“It shouldn’t take a letter to the President of the United States to spur Penn to act,” Paul Thacker said. “But that’s just where we’re at right now in plagiarism involving a professor.”
Thacker is an investigator for the Project on Government Oversight, a watchdog group that asked President Barack Obama last month to remove Penn President Amy Gutmann as chair of his Commission for the Study of Bioethical Issues.
The request came soon after the Department of Health and Human Services launched an investigation into charges of research misconduct levied by a Penn professor against five other researchers, including two of his colleagues in Penn’s Psychiatry department.
The researchers are accused of claiming authorship of a ghostwritten paper — one that has been written by someone else without giving due credit — about a drug manufactured by the pharmaceutical giant GlaxoSmithKline. According to the charge, the paper was drafted by a company hired by GSK itself.
“No reasonable person can justify” academic ghostwriting, said Eric Campbell, a professor of medicine at Harvard Medical School. “To claim you did something when you didn’t is a fundamental violation of one of the tenets [of research].”
Corporate-funded medical ghostwriting can have especially negative effects.
“The entity that’s being represented [in a ghostwritten medical article] is a corporate view, and that influence is unseen,” said Adriane Fugh-Berman, a professor of pharmacology at Georgetown University. “There are marketing messages that are included.”
Medical ghostwriting is not an uncommon occurrence; in 2009, The Journal of the American Medical Association surveyed authors of 630 medical articles in top journals, 7.8 percent of whom anonymously admitted to omitting names of significant contributors.
“It’s not a rare phenomenon,” said Mildred Cho, the associate director of Stanford University’s Center for Biomedical Ethics. “So in many ways I’m not surprised [it may have happened at Penn].”
But what especially galls Thacker is that POGO accused one of the Penn professors currently under investigation — Dwight Evans, chairman of the department of psychiatry — of ghostwriting once before.
Penn stood by Evans when he was initially accused at the end of last year. “We believe that the allegations of ghostwriting made by POGO … are unfounded,” Penn Medicine spokeswoman Susan Phillips wrote in a statement at the time.
Thacker now questions the thoroughness of Penn’s internal investigation conducted at that time. “This is an issue of very serious concern that was brushed aside in just 72 hours,” he said. “The idea that Penn was able to pull a serious inquiry in the matter was just wrong.”
Berman, too, was struck by how quickly Penn came to Evans’ support. “It does not seem like the school’s taken a strong stand on [the ghostwriting charge],” she said. “With the original case, they just said that the allegation was unfounded.

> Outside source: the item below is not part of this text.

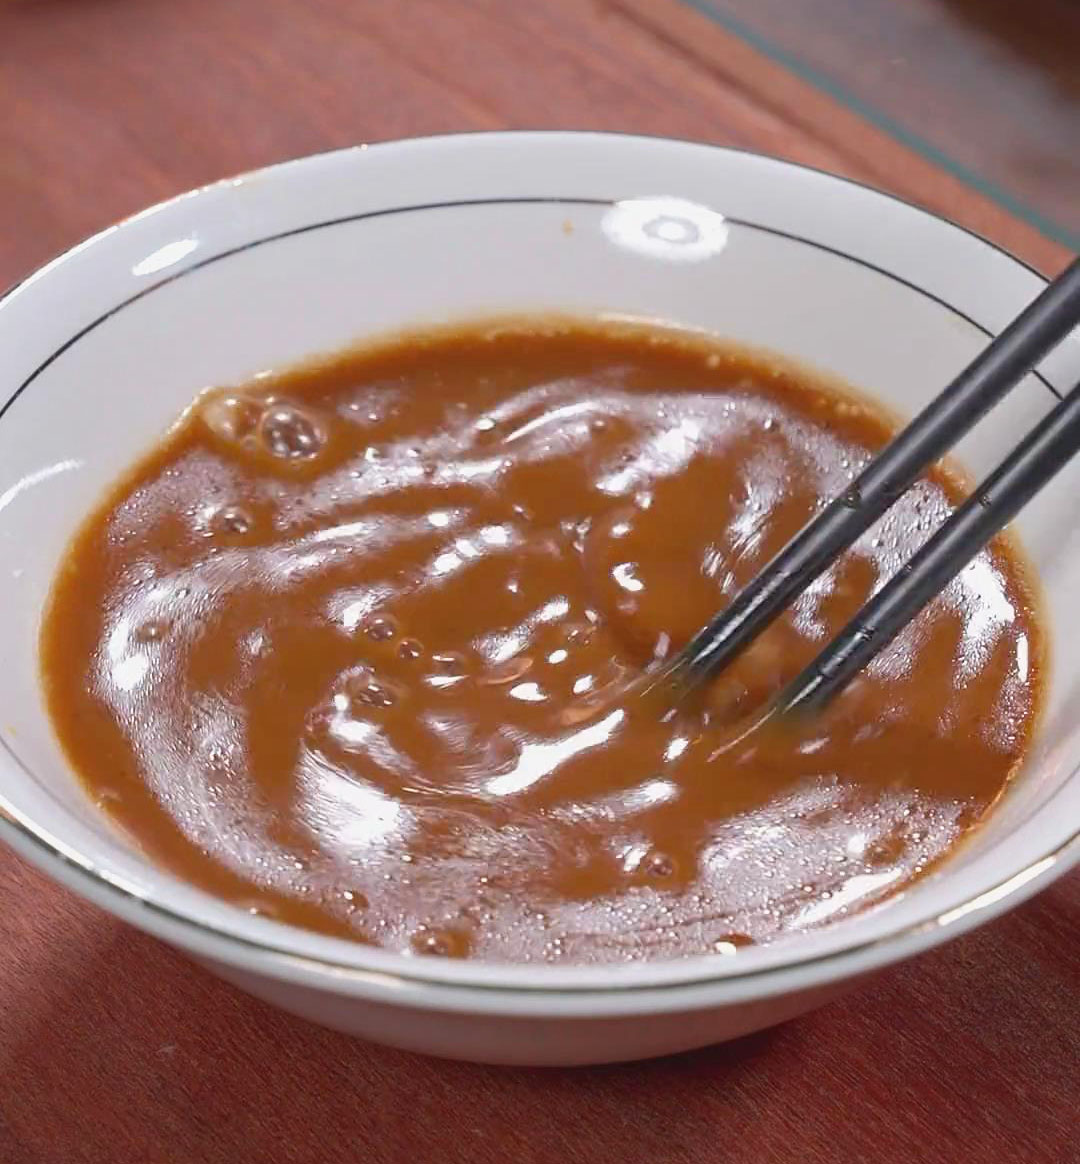 Yu Xiang sauce

That’s implausible. There’s documentation.”
Phillips wrote in a statement that a review of the recent charges of research misconduct are currently underway and defended the investigation last year.
“The inquiry made last year by POGO regarding a single article was taken seriously by the medical school and the University, and was reviewed appropriately at that time,” she wrote.
But for what POGO sees as Penn and Gutmann’s initial failure to respond to ghostwriting on campus, the organization is calling on Obama to remove her from her post on the bioethics commission.
“If this happens over and over again, it does raise questions,” Campbell said of the ghostwriting accusations. “Failure to take those [accusations] seriously does raise concerns about anyone’s ability to serve as an advisor to the president.”
Cho, however, is skeptical of POGO’s request. “I don’t think there’s a reason she should have to step down,” Cho said, as long as Gutmann followed the proper protocol.
But POGO remains committed to its crusade.
“The buck needs to stop with her,” Thacker said of Gutmann. “So that’s why we made her the issue this time.”